__Exercise goal__. Report how many lines in the listing below include the word "Sets". Write nothing besides the number.

__Data__.

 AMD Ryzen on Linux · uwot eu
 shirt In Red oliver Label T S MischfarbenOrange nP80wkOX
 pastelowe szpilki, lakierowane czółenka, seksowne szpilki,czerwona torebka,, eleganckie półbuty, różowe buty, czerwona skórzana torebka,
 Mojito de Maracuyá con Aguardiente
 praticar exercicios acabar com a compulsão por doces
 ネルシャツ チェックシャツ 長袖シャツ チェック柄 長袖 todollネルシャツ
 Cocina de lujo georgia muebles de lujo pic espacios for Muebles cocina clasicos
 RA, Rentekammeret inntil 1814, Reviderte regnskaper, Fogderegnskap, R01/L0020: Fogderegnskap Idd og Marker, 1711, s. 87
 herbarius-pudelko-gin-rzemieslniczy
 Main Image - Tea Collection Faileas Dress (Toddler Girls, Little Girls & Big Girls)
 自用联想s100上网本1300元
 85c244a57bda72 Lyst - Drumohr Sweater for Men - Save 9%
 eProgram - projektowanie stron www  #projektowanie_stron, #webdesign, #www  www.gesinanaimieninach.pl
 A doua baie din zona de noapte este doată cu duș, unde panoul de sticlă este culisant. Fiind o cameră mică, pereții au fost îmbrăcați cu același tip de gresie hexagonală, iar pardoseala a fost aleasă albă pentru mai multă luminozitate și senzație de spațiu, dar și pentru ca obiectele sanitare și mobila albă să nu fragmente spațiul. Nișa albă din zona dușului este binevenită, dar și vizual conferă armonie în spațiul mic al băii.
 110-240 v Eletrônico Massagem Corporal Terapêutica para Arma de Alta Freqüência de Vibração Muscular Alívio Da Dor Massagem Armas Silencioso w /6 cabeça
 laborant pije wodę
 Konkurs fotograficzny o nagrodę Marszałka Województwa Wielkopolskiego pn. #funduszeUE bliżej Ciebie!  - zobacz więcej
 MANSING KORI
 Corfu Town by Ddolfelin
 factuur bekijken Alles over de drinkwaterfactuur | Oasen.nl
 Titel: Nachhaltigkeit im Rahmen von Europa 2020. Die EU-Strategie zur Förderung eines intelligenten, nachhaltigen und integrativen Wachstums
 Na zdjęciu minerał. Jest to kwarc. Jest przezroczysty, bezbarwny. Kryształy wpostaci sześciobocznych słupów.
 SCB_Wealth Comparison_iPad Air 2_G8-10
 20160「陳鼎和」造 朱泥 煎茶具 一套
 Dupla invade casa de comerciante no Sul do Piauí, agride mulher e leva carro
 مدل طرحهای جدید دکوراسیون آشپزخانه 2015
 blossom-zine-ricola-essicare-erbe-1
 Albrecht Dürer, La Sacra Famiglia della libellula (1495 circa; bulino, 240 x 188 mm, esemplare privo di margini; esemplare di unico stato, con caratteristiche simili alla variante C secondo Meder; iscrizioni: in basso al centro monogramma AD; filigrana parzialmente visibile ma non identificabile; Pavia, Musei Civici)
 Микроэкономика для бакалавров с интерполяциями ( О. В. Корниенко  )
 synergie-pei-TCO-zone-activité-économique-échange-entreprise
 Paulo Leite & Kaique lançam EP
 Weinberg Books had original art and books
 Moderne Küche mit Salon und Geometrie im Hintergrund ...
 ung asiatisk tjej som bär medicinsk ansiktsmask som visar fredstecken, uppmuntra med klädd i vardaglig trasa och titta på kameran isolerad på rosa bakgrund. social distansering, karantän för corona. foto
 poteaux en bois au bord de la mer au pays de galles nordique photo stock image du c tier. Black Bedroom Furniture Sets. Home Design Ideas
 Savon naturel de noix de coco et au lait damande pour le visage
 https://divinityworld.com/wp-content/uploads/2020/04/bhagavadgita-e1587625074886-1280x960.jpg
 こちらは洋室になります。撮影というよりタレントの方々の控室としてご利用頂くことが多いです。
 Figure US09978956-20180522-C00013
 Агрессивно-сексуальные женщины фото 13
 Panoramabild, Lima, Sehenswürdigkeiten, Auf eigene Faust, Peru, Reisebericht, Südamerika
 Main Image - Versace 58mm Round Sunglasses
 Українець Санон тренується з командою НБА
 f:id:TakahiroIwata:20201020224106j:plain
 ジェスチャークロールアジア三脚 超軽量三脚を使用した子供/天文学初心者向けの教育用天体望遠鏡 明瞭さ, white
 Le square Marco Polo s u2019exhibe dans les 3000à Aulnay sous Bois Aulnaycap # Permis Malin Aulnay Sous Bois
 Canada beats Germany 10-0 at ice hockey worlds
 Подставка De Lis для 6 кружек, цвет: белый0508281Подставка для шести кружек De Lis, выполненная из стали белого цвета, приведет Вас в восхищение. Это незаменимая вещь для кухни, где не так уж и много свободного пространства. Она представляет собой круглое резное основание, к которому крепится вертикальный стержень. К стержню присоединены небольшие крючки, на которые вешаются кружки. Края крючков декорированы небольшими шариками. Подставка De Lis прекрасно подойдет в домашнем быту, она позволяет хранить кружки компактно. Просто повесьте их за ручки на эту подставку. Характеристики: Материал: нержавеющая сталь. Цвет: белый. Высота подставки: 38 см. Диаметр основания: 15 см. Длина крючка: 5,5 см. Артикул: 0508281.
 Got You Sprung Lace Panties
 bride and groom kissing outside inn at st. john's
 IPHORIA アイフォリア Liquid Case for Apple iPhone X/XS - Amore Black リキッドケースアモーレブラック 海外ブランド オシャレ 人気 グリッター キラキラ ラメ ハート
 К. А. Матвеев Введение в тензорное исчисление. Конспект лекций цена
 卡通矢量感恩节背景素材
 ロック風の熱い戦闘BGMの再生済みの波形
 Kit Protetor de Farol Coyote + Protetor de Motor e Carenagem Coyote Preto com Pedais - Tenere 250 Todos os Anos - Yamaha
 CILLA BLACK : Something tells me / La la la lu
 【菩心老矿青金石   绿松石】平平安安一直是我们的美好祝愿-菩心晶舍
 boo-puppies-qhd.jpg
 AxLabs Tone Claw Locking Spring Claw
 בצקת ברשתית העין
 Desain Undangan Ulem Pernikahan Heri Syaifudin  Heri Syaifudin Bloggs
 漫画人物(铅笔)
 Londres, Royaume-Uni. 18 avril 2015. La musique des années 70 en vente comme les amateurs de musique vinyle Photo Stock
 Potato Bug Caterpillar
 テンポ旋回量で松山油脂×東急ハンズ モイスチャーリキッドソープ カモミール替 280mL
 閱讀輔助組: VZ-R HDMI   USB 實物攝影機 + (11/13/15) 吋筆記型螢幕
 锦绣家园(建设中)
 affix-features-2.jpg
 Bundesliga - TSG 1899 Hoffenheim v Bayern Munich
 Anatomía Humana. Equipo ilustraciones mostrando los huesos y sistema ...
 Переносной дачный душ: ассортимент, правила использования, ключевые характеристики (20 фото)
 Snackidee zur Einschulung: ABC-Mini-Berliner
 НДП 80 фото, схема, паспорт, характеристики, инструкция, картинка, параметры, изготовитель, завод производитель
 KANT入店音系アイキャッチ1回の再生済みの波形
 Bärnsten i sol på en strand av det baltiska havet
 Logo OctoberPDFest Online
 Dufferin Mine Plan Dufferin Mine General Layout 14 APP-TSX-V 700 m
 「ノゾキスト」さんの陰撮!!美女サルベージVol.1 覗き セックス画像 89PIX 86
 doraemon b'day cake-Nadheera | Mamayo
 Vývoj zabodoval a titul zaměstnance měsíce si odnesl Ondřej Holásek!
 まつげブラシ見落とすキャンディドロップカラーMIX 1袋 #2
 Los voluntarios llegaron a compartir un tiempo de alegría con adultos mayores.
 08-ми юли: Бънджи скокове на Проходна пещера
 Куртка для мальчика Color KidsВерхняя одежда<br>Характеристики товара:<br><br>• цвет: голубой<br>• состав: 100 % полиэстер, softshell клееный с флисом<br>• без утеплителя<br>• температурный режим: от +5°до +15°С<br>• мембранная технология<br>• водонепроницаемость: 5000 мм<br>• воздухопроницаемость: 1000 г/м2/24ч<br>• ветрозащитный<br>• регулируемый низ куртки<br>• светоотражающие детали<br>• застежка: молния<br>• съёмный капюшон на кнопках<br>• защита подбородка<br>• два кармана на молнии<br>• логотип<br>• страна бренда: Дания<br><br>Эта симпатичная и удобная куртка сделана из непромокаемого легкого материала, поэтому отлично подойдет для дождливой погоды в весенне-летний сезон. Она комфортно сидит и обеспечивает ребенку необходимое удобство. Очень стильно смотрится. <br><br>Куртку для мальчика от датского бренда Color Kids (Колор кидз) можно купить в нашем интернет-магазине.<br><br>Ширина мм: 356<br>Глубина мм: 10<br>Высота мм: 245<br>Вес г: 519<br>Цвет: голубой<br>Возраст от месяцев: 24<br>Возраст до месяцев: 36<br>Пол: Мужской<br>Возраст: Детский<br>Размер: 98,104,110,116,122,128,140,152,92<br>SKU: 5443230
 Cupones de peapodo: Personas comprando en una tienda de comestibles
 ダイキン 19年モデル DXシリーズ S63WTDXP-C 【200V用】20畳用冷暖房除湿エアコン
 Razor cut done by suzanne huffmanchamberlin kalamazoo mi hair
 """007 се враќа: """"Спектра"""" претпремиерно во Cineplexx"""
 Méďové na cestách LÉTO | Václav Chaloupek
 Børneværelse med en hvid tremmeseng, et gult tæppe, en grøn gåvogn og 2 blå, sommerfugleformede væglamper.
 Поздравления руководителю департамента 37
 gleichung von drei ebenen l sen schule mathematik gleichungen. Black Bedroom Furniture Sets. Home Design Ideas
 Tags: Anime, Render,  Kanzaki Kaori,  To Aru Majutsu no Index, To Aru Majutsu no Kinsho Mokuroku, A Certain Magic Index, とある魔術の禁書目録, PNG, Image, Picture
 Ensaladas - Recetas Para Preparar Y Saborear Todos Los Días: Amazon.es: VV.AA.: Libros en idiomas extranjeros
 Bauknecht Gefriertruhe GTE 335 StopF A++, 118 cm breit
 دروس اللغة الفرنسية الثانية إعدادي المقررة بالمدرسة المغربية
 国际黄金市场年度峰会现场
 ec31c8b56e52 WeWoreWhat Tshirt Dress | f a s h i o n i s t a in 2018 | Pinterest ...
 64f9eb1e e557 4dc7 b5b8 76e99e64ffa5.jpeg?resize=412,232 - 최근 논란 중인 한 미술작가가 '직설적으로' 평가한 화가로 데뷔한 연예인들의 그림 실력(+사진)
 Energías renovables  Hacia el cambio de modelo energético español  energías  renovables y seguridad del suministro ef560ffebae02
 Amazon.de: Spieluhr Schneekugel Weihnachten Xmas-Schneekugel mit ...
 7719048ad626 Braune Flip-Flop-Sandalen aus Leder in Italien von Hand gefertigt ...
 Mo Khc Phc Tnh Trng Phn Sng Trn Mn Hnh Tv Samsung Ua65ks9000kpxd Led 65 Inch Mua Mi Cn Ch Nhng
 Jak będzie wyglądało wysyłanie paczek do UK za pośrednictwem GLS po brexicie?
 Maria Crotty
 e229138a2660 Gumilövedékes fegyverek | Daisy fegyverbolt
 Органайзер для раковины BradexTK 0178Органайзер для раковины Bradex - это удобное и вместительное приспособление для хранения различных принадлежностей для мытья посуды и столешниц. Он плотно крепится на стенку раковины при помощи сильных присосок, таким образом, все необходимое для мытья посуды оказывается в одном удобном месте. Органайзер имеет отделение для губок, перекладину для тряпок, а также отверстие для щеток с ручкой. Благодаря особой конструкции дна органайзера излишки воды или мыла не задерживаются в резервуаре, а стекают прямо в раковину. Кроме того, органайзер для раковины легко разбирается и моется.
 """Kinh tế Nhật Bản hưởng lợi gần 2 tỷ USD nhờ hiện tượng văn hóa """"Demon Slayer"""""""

__Result__. 2